Several different gene therapy methods may some day succeed. But even the failures and near-misses in the field will probably have contributed to any eventual victories.
Educational Technology: The Bay Area is the workshop where all kinds of different online technology models are being explored to fill the gaps in our educational system. What are the problems? Tuition at traditional universities is getting more expensive, and students often graduate with a mountain of debt. At the same time, high-tech companies say they have jobs going unfilled because too few college graduates have the right skills.
As Internet bandwidth grew last decade, edtech companies started creating online courses that seemed like an inexpensive solution—but they do not offer a simple fix. Mountain View, CA-based Udacity was one pioneer of the free online classes called MOOCs, or Massive Open Online Courses, in subjects such as app development. But course completion rates were low, and Udacity switched its model this year. It’s now charging tuition for course sequences it calls “nanodegrees” in various programming skills. Udacity designed the courses in consultation with employers such as Google, AT&T, and Intuit.
While Udacity’s courses can be taken from your home computer, some edtech companies are going whole hog and creating physical campuses where students can interact with each other. The Minerva Project intends to offer full undergraduate degrees. It opened its first “campus” in the fall—a student residence hall in San Francisco’s Nob Hill neighborhood. But classes are taught online by teachers who may be in distant cities.

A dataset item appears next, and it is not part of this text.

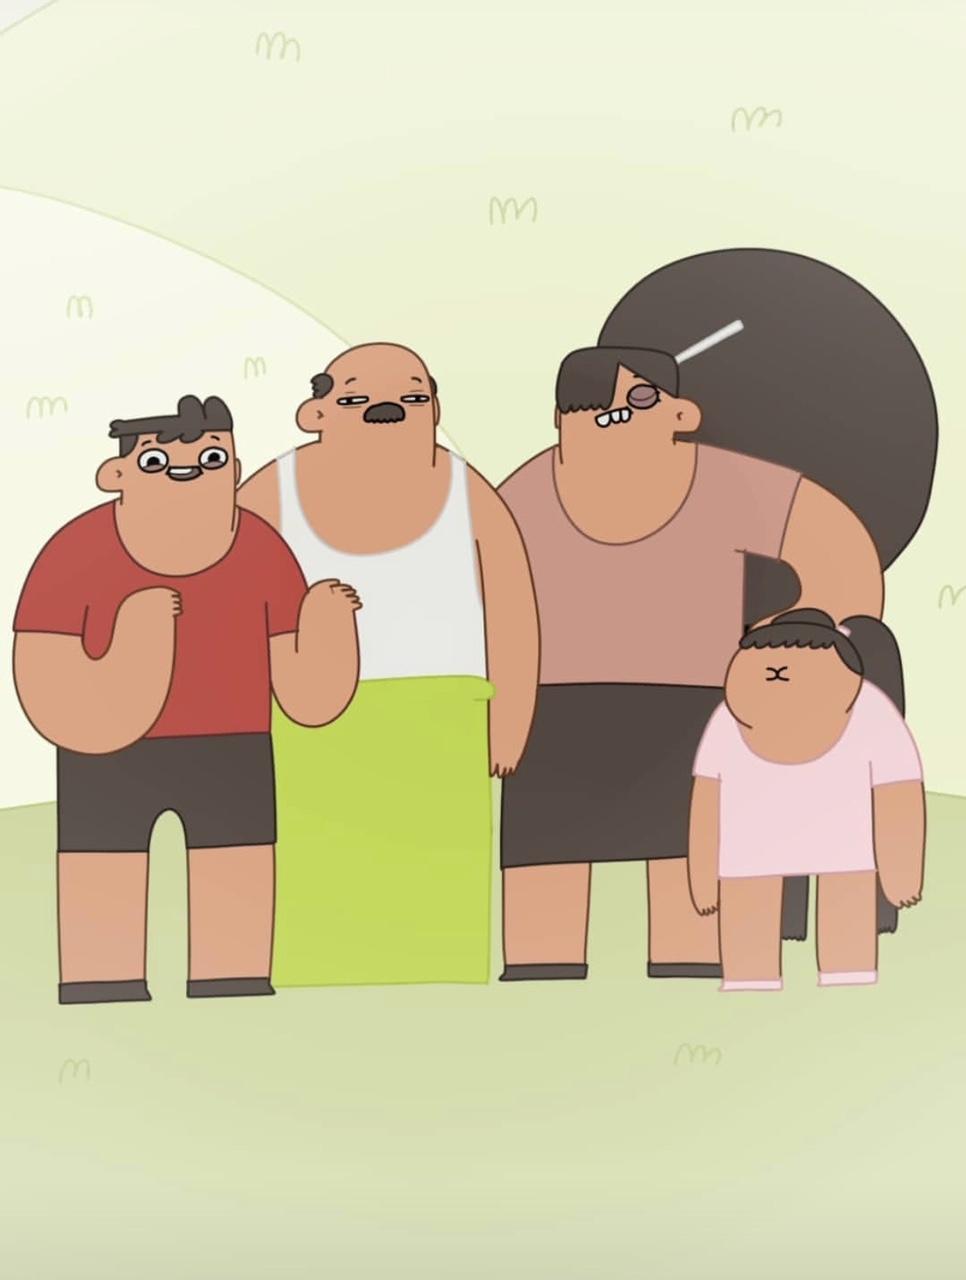 Unduh 68+ Gambar Animasi Si Nopal Terbaik Gratis
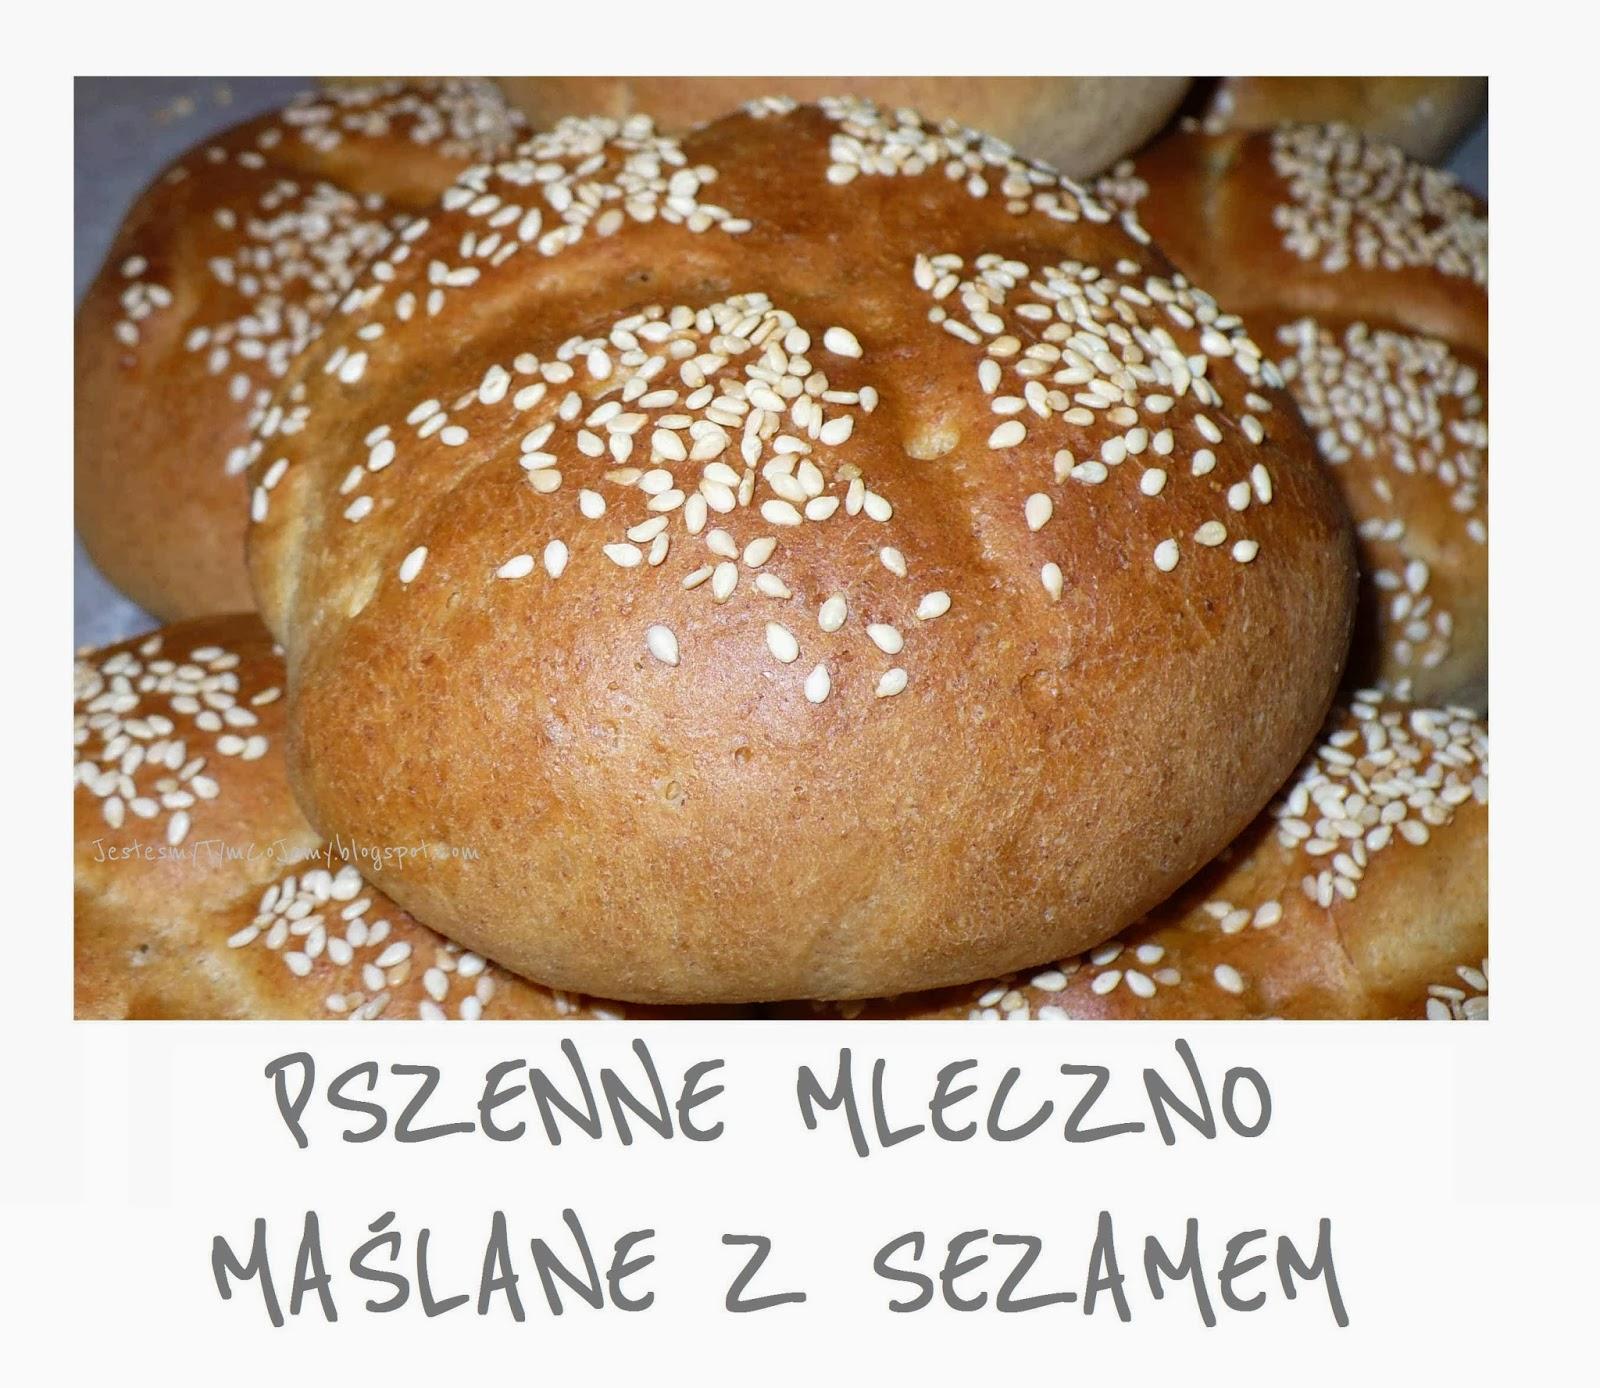 http://jestesmytymcojemy.blogspot.com/2013/03/penoziarniste-maslane-bueczki.html

Galvanize, which began its code school in Denver, opened a branch this year in San Francisco’s SOMA district, where it also plans to offer its first degree program in data analysis with expert teachers on-site.
Meanwhile, other Bay Area edtech companies such as Udemy and EdCast are creating online marketplaces where universities and individual instructors can offer courses a la carte to undergraduate students or to working adults who simply want to gain new skills.
Incubators: We don’t usually think of incubator or startup accelerator programs as inventions, the way we classify innovative products. But these organizations are proliferating, creating new models, and expanding the options for startup founders who need seed funding and advice to get going.
Incubators for tech companies have a robust history in the Bay Area, but now similar programs are opening up for fledgling life sciences companies. Y Combinator, the influential Silicon Valley tech accelerator, started recruiting biotech applicants in May and graduated five of them from its summer session.
The international venture capital firm SOS Ventures, which holds accelerator programs for software and hardware companies, launched a separate accelerator program called IndieBio with one of its two branches in downtown San Francisco.
StartX Med, the biomedical arm of Palo Alto, CA-based nonprofit tech accelerator StartX, created lab space for startups in its new headquarters in a joint project with the venerable life sciences incubator network QB3 (the California Institute for Quantitative Biosciences).
The number of big life sciences companies forming their own accelerators is also increasing. JLABS (formerly known as Janssen Labs), a division of drug giant Johnson & Johnson, is creating a life sciences incubator in South San Francisco with space for as many as 50 young companies. Bioinformatics giant Illumina (NASDAQ: ILMN) set up an accelerator program and welcomed its first three startups to its San Francisco lab space late this year. [Clause added to include the name change from Janssen Labs to JLABS in 2014.]
Life sciences startups, traditionally seen as capital-intensive investments for venture firms, now have the chance to become a bit more like tech startups because of the cumulative effect of all these incubators and their increments of seed funding. This supportive ecosystem in the Bay Area also includes little pockets of lab space that can be rented bench by bench, as well as crowdfunding platforms such as Indiegogo that are becoming alternate sources of early financing.